What is being asked | Transcribe only what runs from the line containing "Young Japanese women" through the final line below, exactly, and leave every picture out.

Data block |
'''

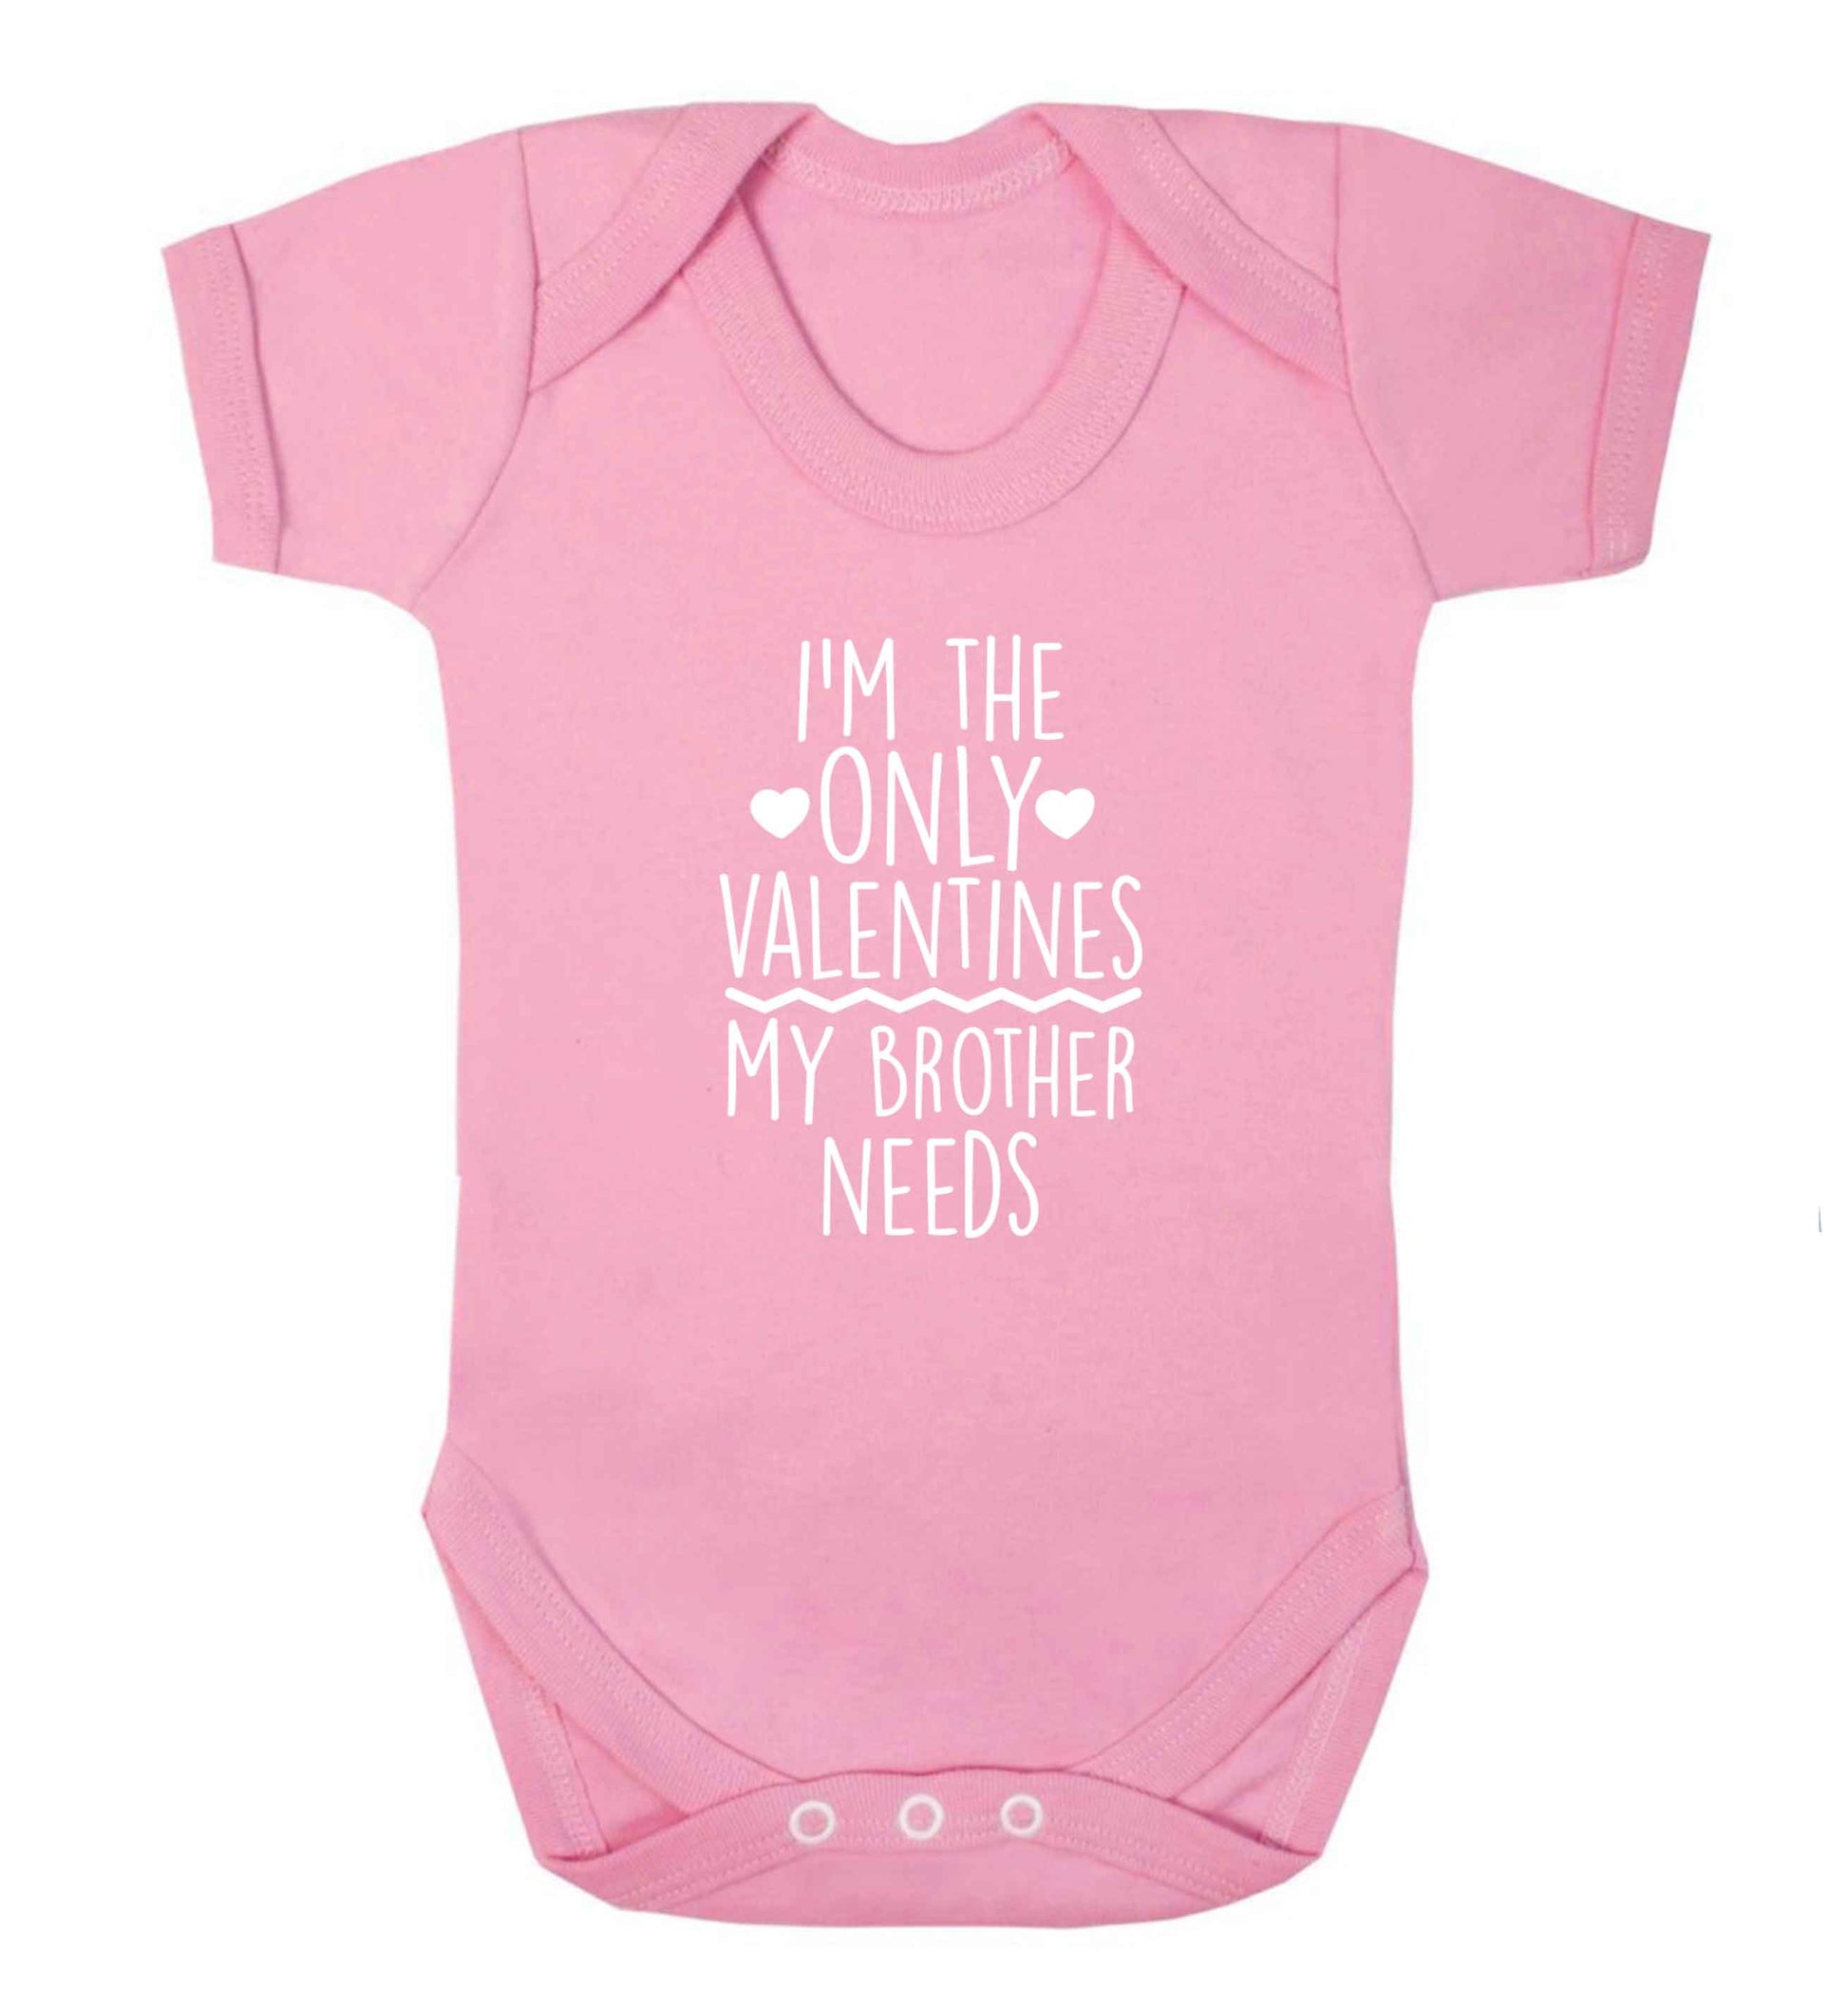 I'm the only valentines my brother needs baby vest pale pink 18-24 months
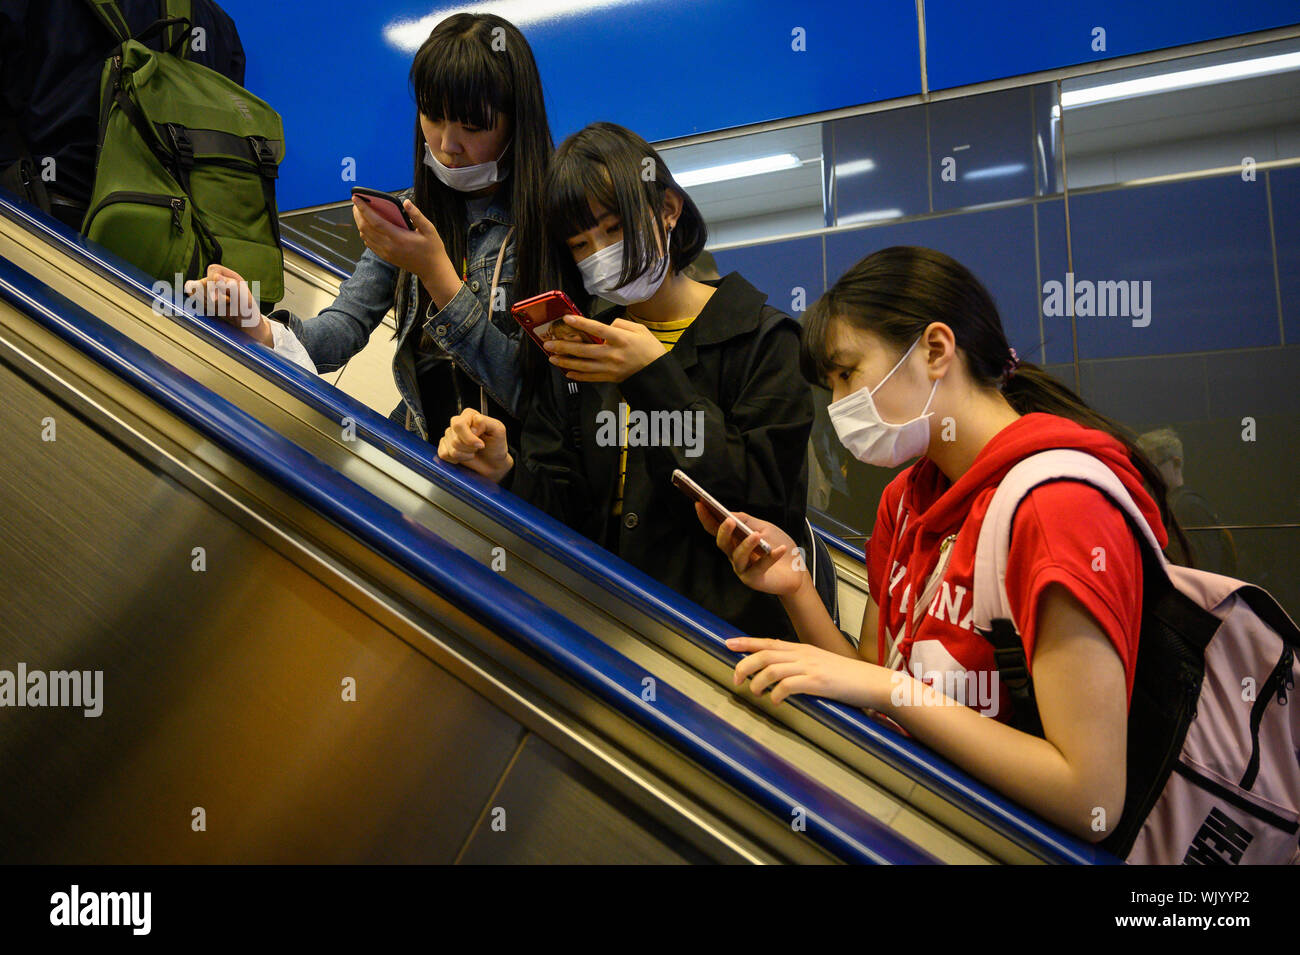 Young Japanese women looking at their mobile phones on an escalator in the Tokyo Metro, Tokyo, Japan Stock Photo
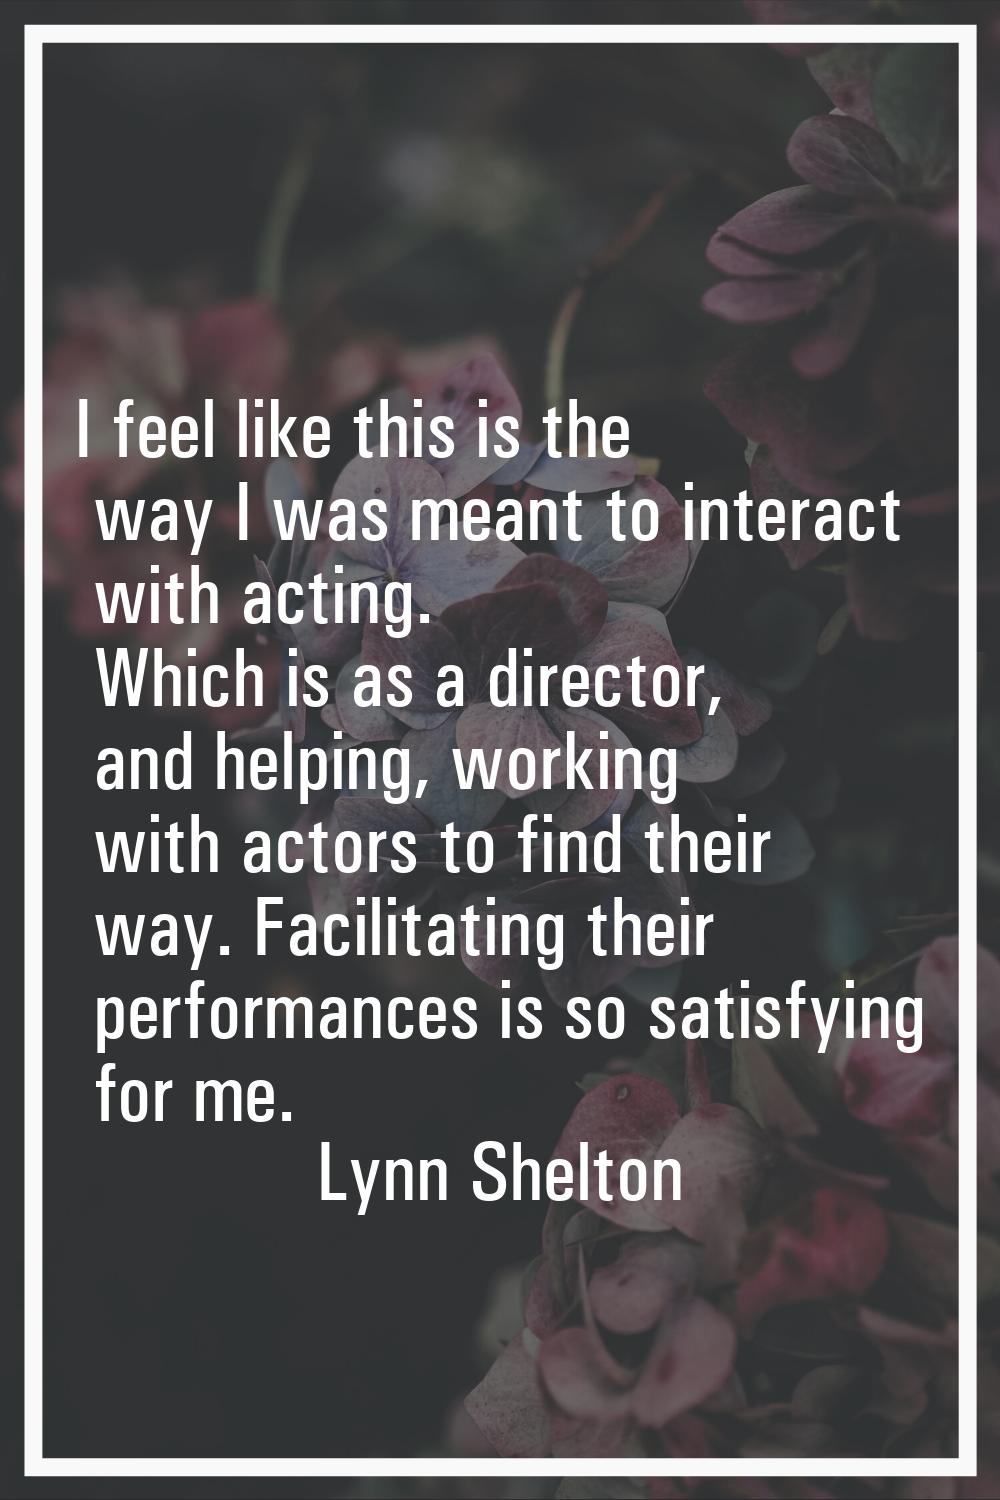 I feel like this is the way I was meant to interact with acting. Which is as a director, and helpin
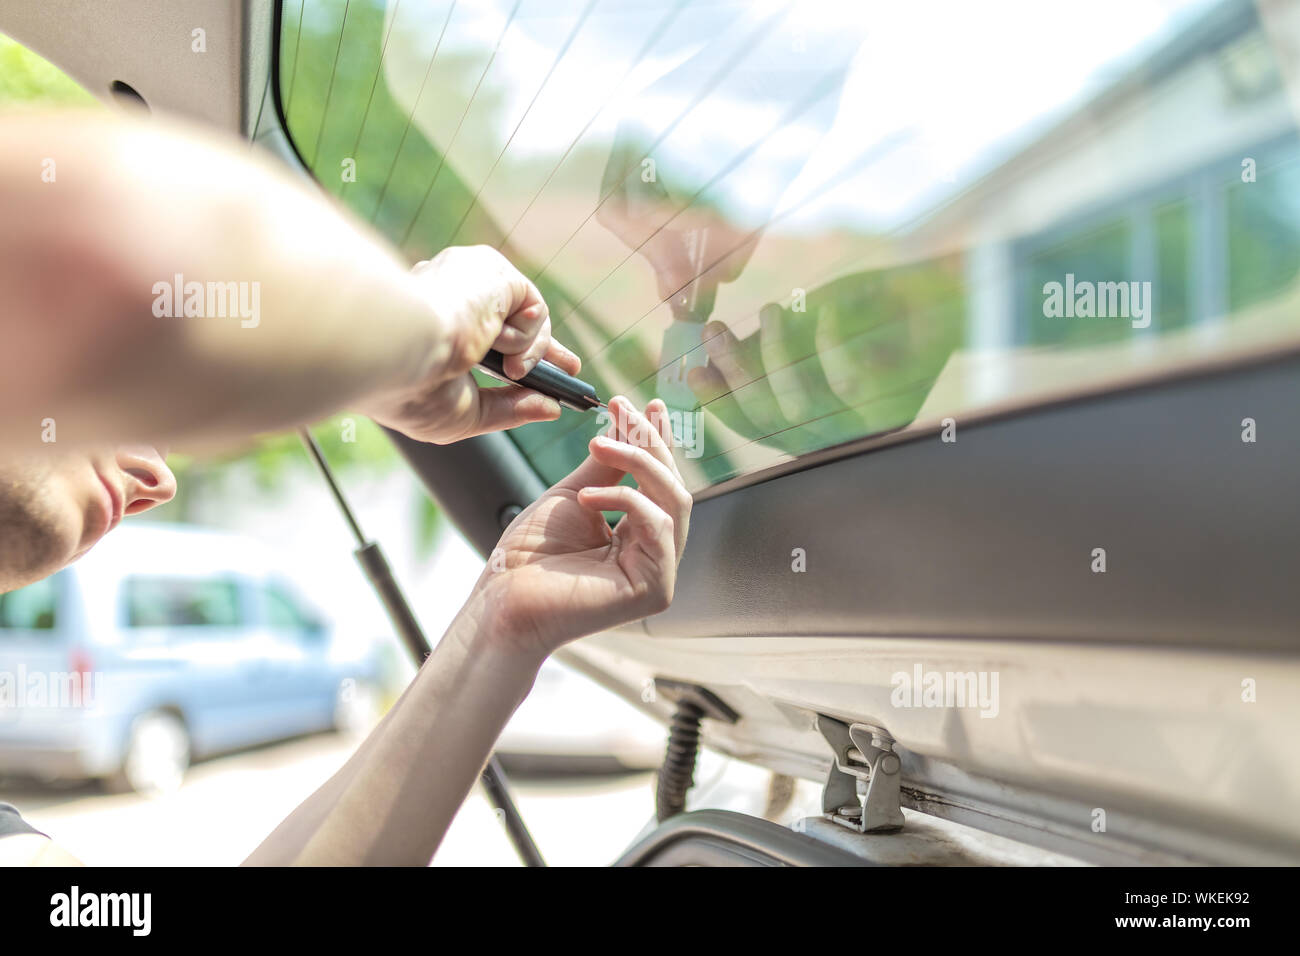 Close up shot hands of man removing old car window film Stock Photo

'''

Answer to the problem |
 Young Japanese women looking at their mobile phones on an escalator in the Tokyo Metro, Tokyo, Japan Stock Photo
 I feel like this is the way I was meant to interact with acting. Which is as a director, and helpin
 Close up shot hands of man removing old car window film Stock Photo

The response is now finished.